UVB Irradiation Regulates ERK1/2- and p53-Dependent Thrombomodulin Expression in Human Keratinocytes

Huey Chun Huang, Tsong Min Chang, Yu Jia Chang, Hsin Yun Wen

研究成果: 雜誌貢獻文章

14 引文 斯高帕斯(Scopus)

摘要

Thrombomodulin (TM) is highly expressed in endothelial cells and acts as a natural anticoagulation factor to maintain circulation homeostasis. TM is an interesting molecule with many physiological functions, including anti-inflammation, anti-thrombosis, and carcinogenesis inhibition. TM can also be detected on the spinous layer of epidermal keratinocytes. However, the role of epidermal TM is still under investigation. In this study, we investigated keratinocyte TM expression and regulation in response to sub-cytotoxic ultraviolet B (UVB) irradiation. Oxidative stress was assessed with DCF and the results revealed that UVB irradiation significantly and dose-dependently augmented reactive oxygen species (ROS) production in HaCaT cells. In addition, low-dose UVB irradiation decreased TM mRNA and protein levels. Blocking ROS production and ERK activation prevented UVB-induced TM down-regulation. The nuclear p53 accumulation and TM promoter binding was observed within 3 h after UVB exposure. Small interfering RNA-mediated p53 knockdown disrupted the UVB-mediated TM protein down-regulation. Our study demonstrates that UVB irradiation results in ROS accumulation and ERK activation, which causes the nuclear p53 accumulation and TM promoter binding to inhibit TM expression.

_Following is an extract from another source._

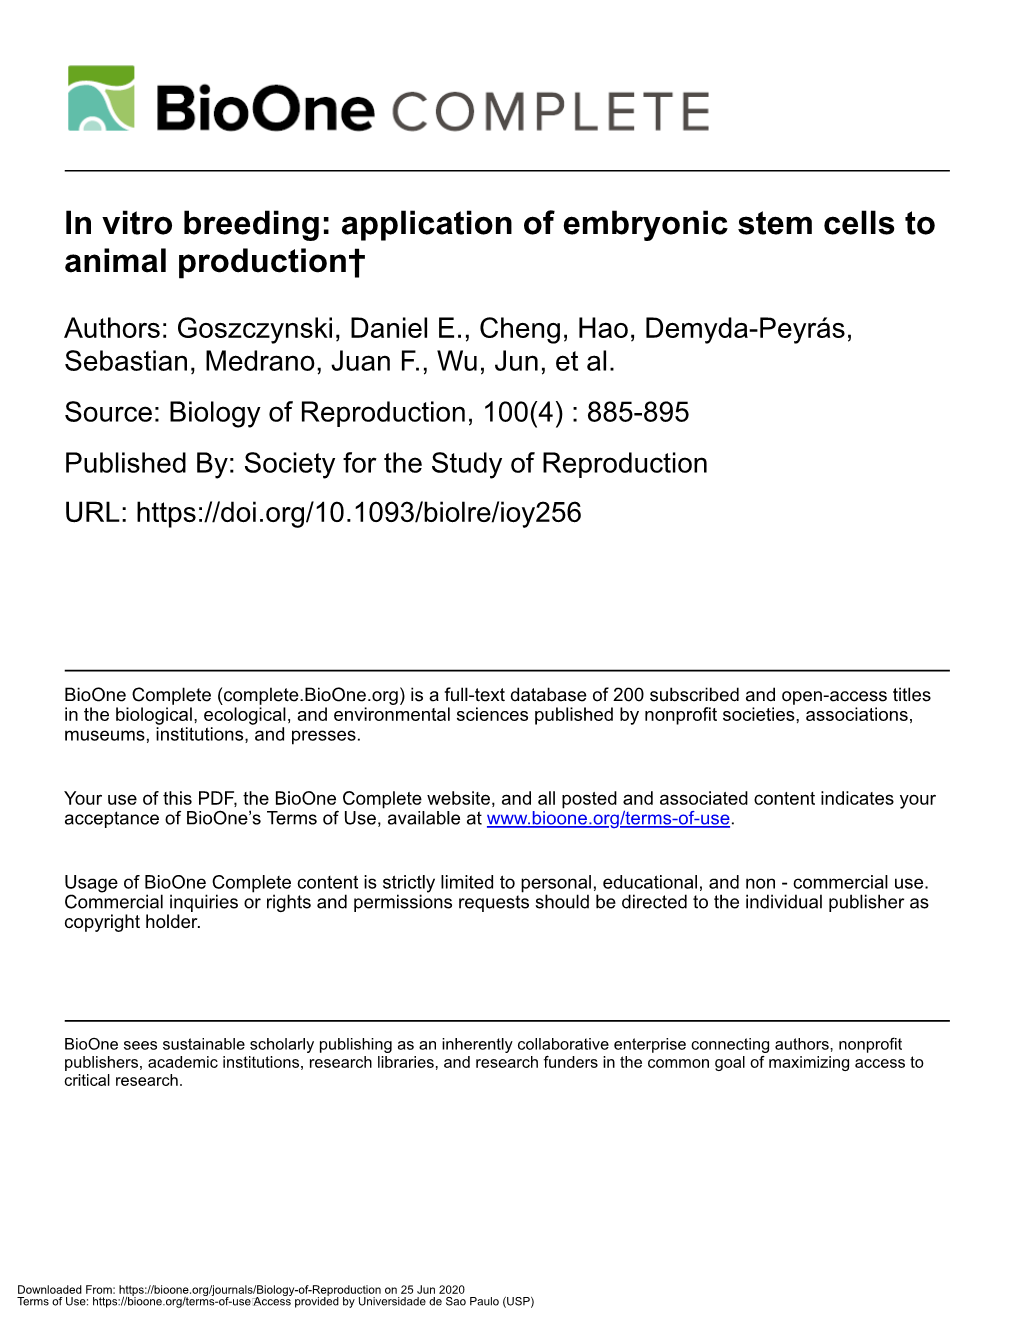 In Vitro Breeding: Application of Embryonic Stem Cells to Animal Production&Dagger;

This study provides novel evidence demonstrating that p53 serves as a key regulator of keratinocyte TM expression.

原文英語
文章編號e67632
期刊PLoS One
8
發行號7
DOIs
出版狀態已發佈 - 七月 2 2013

ASJC Scopus subject areas

  • Agricultural and Biological Sciences(all)
  • Biochemistry, Genetics and Molecular Biology(all)
  • Medicine(all)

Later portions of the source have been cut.